Un tel excédent permettrait de « placer la dette publique sur une trajectoire durablement décroissante » à condition qu’il n’y ait pas de nouvelles « crises » économiques. En cas de « choc majeur » sur l’activité, un excédent proche de 1% permettrait plus modestement d’« assurer la stabilité de la dette publique à long terme ». En 2023, la France était encore loin de l’objectif avec un déficit primaire (hors charges d’intérêts de la dette) de 3,2% du PIB selon Bercy.

Les coupes budgétaires du gouvernement ne sont pas encore « à la hauteur du défi »

La politique de réduction des dépenses publiques engagée par le gouvernement depuis plus d’un an va dans la bonne direction, mais « ses performances ne sont pas à la hauteur de l’enjeu », estime le CAE. Pour trouver les « 112 milliards d’euros » qui permettraient de dégager des excédents chaque année, « il faudrait sans doute aussi prendre des mesures temporaires, comme des hausses temporaires d’impôts ou une sous-indexation générale des dépenses et des tranches d’impôt ».

« A titre purement illustratif », si le salaire de base des fonctionnaires, « l’ensemble des prestations sociales en espèces et le barème de l’impôt sur le revenu étaient tous gelés en 2025, plutôt que revalorisés en fonction de l’inflation en 2024 (estimée à 2,5%), cela rapporterait environ 20 milliards d’euros aux comptes publics », illustre le CAE.
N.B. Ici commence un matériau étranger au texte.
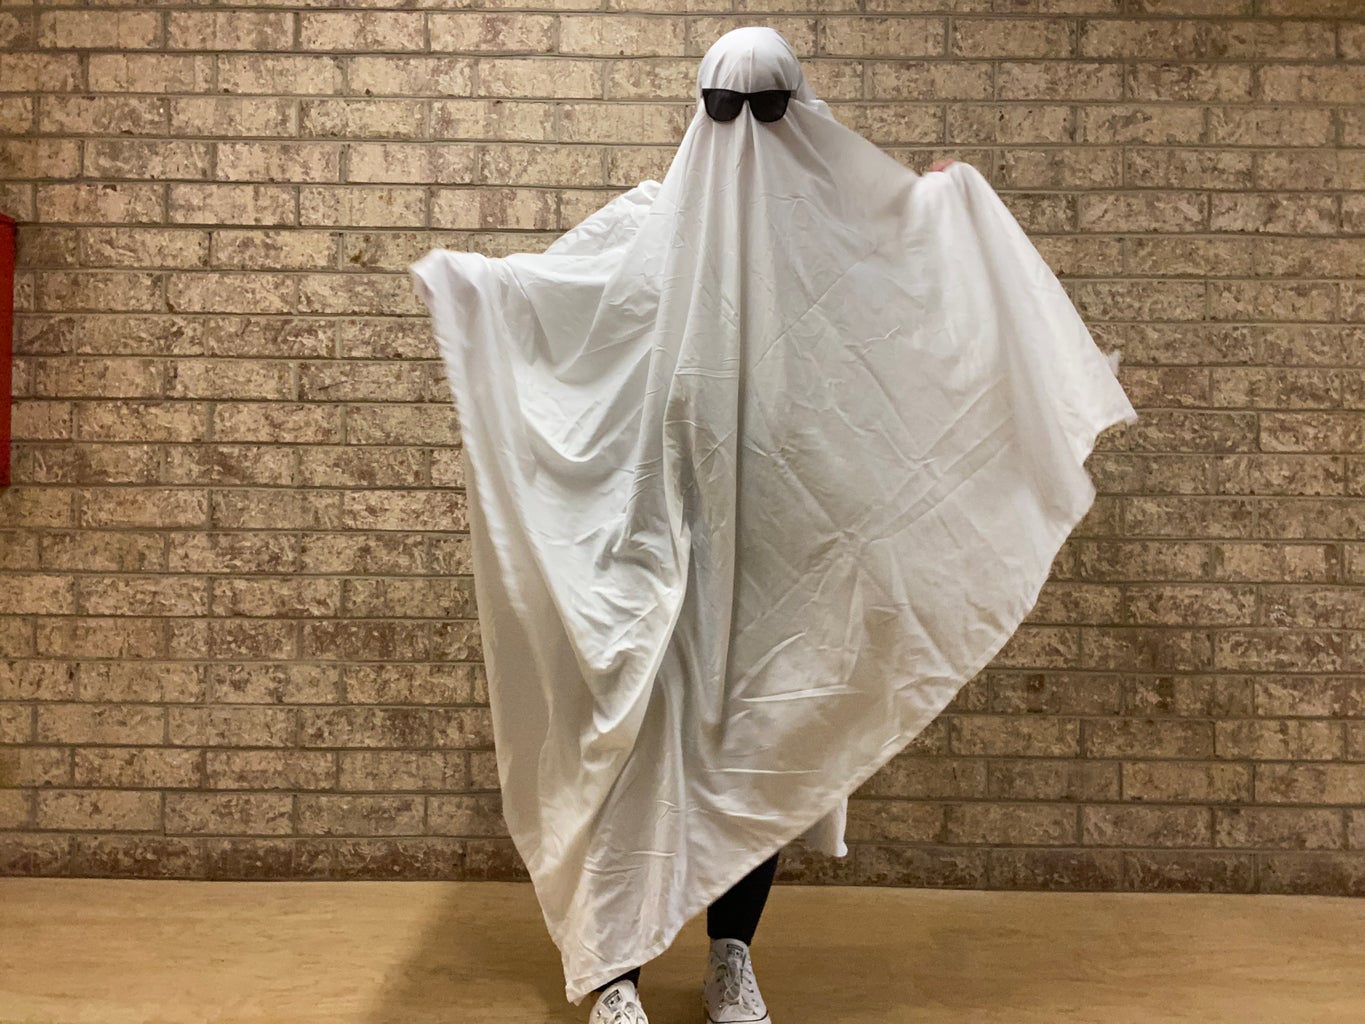 My costume as a ghost

Parmi les mesures « ayant un impact positif sur les comptes publics », les trois auteurs de la note citent le recentrage des aides à l’apprentissage sur les jeunes les moins qualifiés (4 milliards d’euros d’économies selon l’OFCE), le ciblage des exonérations de cotisations patronales sur les bas salaires (2 milliards) ou encore la réforme du crédit d’impôt recherche, afin de le recentrer sur les petites et moyennes entreprises (2,5 milliards d’euros d’économies). Enfin, le CAE suggère de supprimer certaines niches fiscales liées aux droits de succession, pour un gain anticipé de 9 milliards d’euros.